Доктор Гросс кашлянул.
— Ли, мы считаем, что тебе лучше быть подальше от других детей в больнице. Ты чаще всего настраиваешься на мысли тех, кого хорошо знаешь, или тех, кто пережил нечто подобное и в чем-то похож на тебя. Все дети тут у нас эмоционально нестабильны. А вдруг ты настроишься на всех одновременно? Тебе это может сильно повредить.
— Не настроюсь! — прошептала она.
— Помнишь, ты рассказывала, как в четыре года в детском саду настроилась сразу на всю свою группу и это длилось шесть часов? Помнишь, как тебе было плохо?
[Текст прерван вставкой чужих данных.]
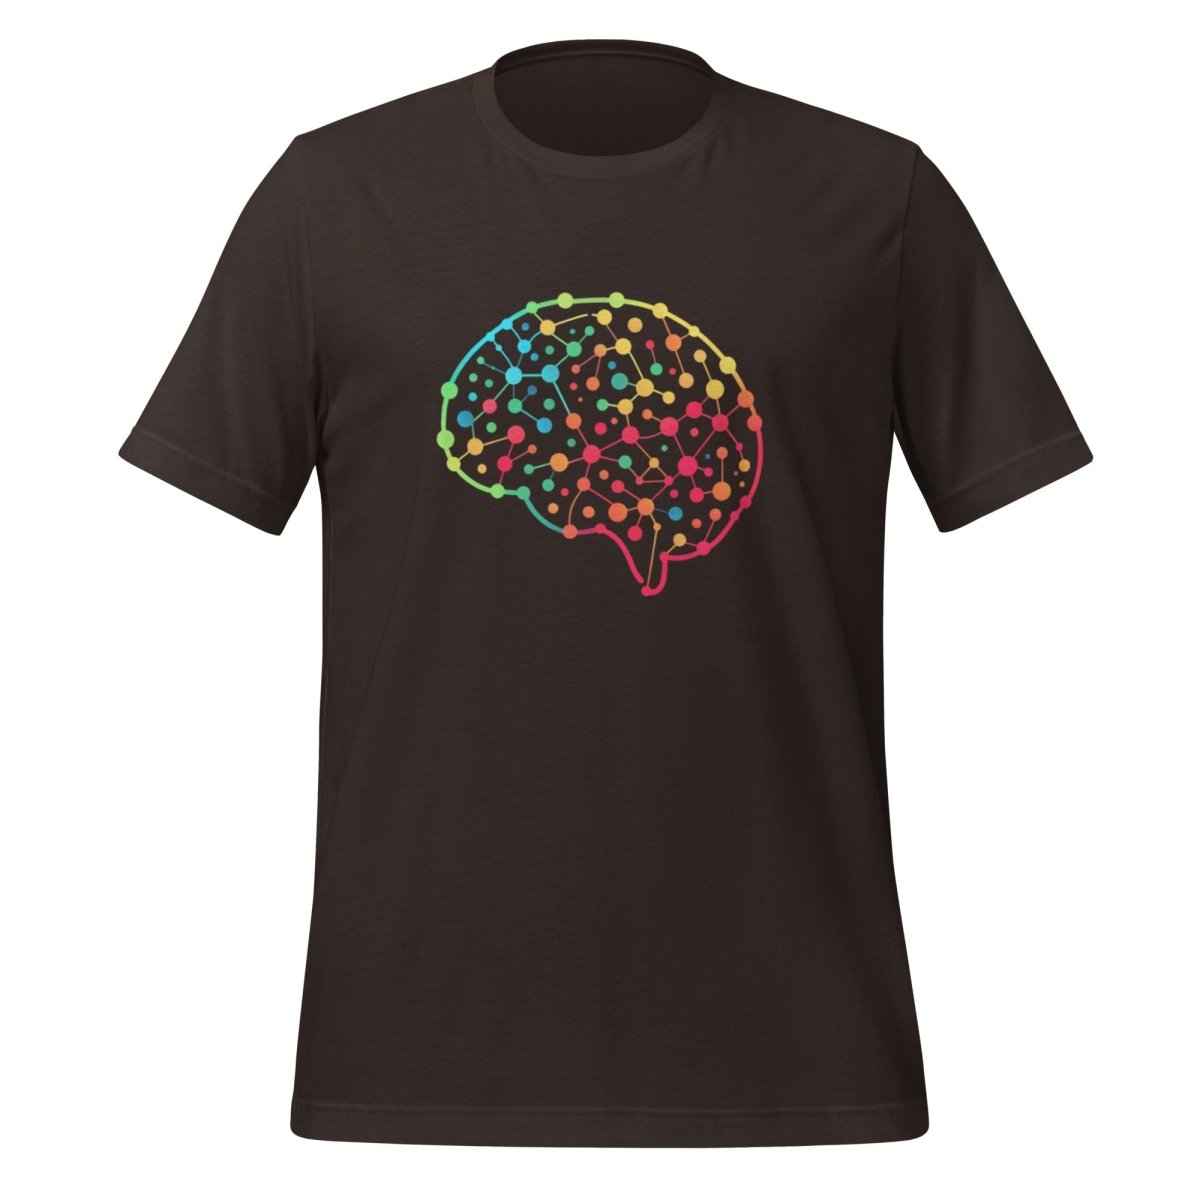 DALL - E Neural Network Brain T - Shirt (unisex) - Brown - AI Store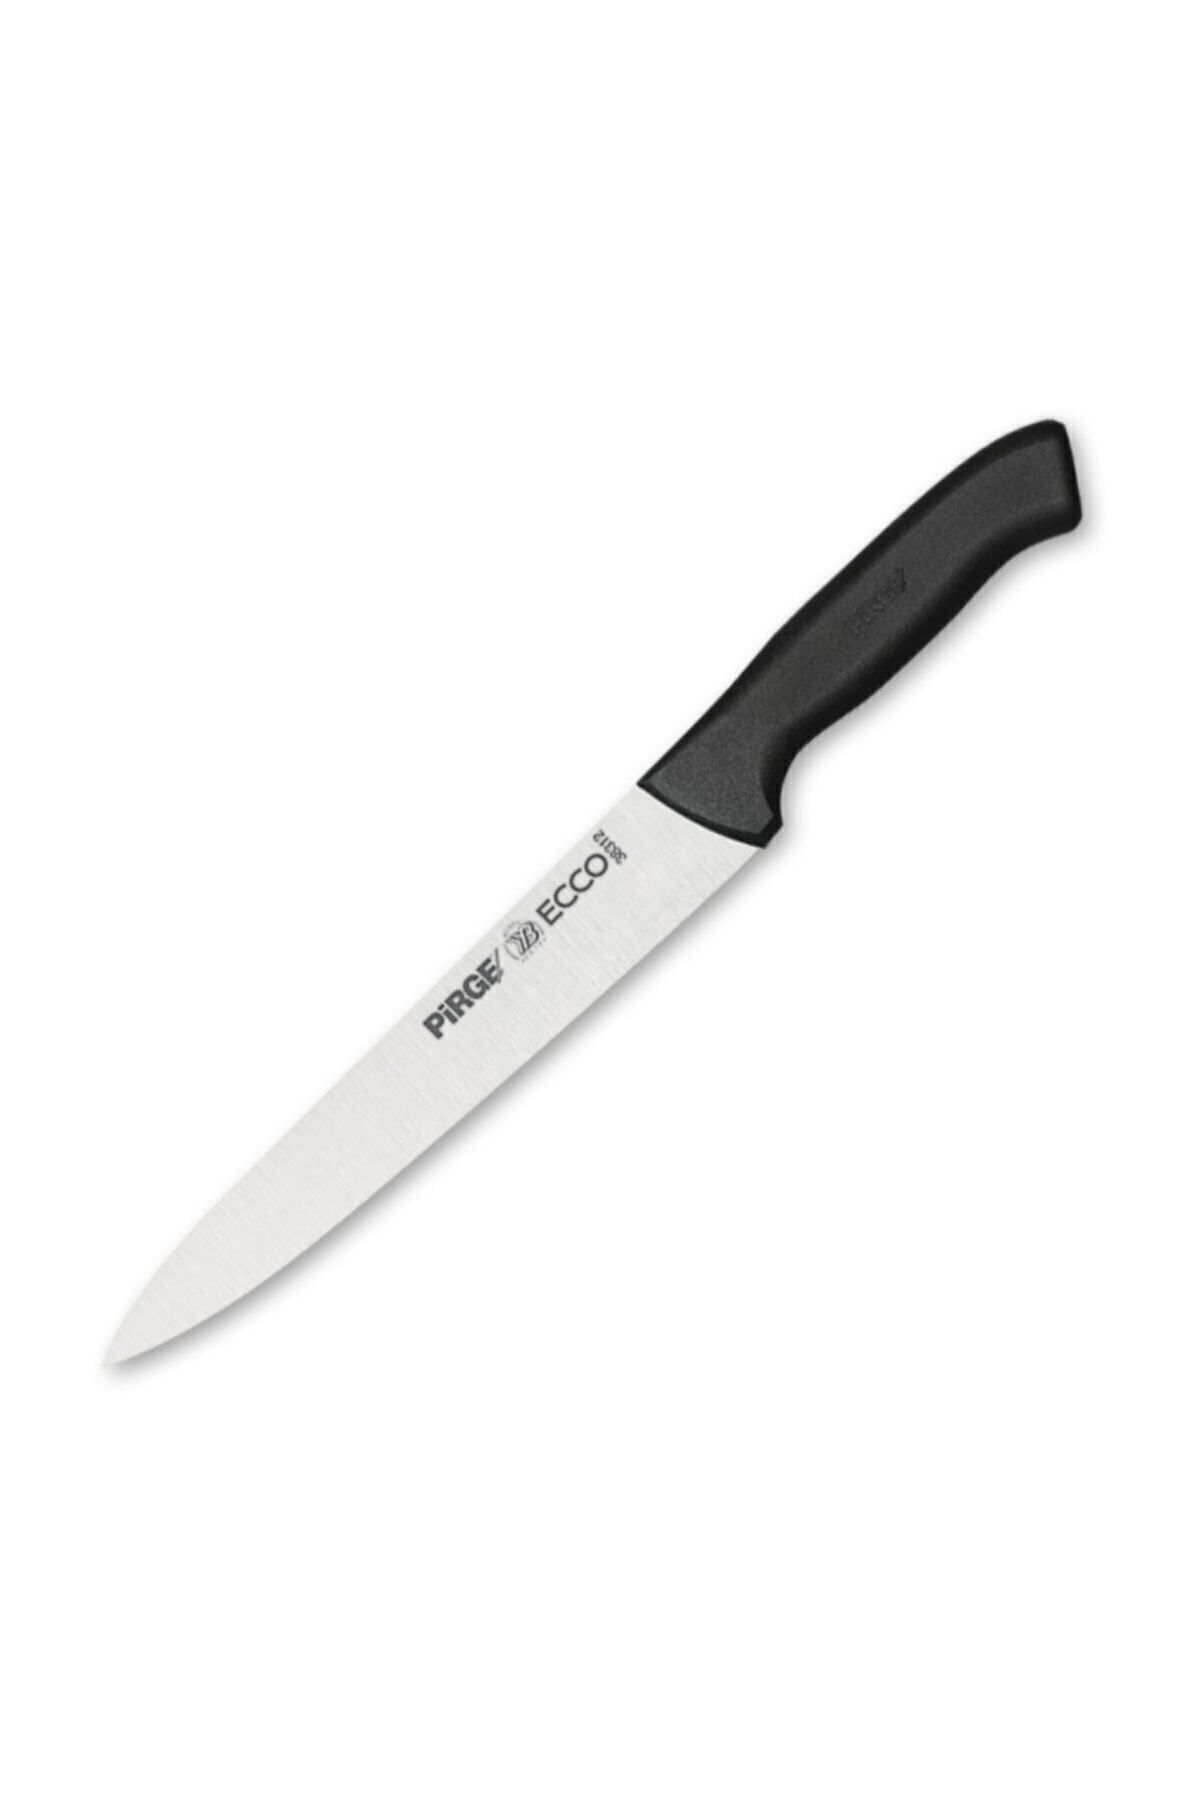 Pirge Ecco Dilimleme Bıçağı 18 Cm 38312

— Да, я пришла домой и попыталась выпить йод. — Ли злобно глянула на него. — Я все помню. Но я слышу маму через весь город. Я и незнакомых людей тоже слышу, постоянно! Я слышу миссис Лоуэри, когда она ведет уроки в классе! Я слышу ее! Я слышу людей с других планет!
— Насчет песни, Ли…
— Вы держите меня подальше от других детей потому, что я умней, да? Я знаю. Ваши мысли я тоже слышу…
— Ли, я прошу тебя рассказать, что ты еще думаешь об этой песне, какие чувства…
— Вы думаете, они расстроятся, что я такая умная. Вы не хотите, чтобы у меня были друзья!
— Что ты чувствовала, когда слушала эту песню, Ли?
Она задержала дыхание; губы ее дрожали, желваки на скулах ходили ходуном.
— Что ты чувствовала, когда слушала песню, понравилась она тебе или нет?
Ли с шипением выпустила воздух сквозь сжатые губы.
— Там было три лейтмотива, — наконец заговорила она. — Они следуют один за другим в порядке снижения интенсивности ритма. Последняя мелодическая линия содержит больше пауз, чем остальные. Его музыка состоит из тишины в той же мере, что из звуков.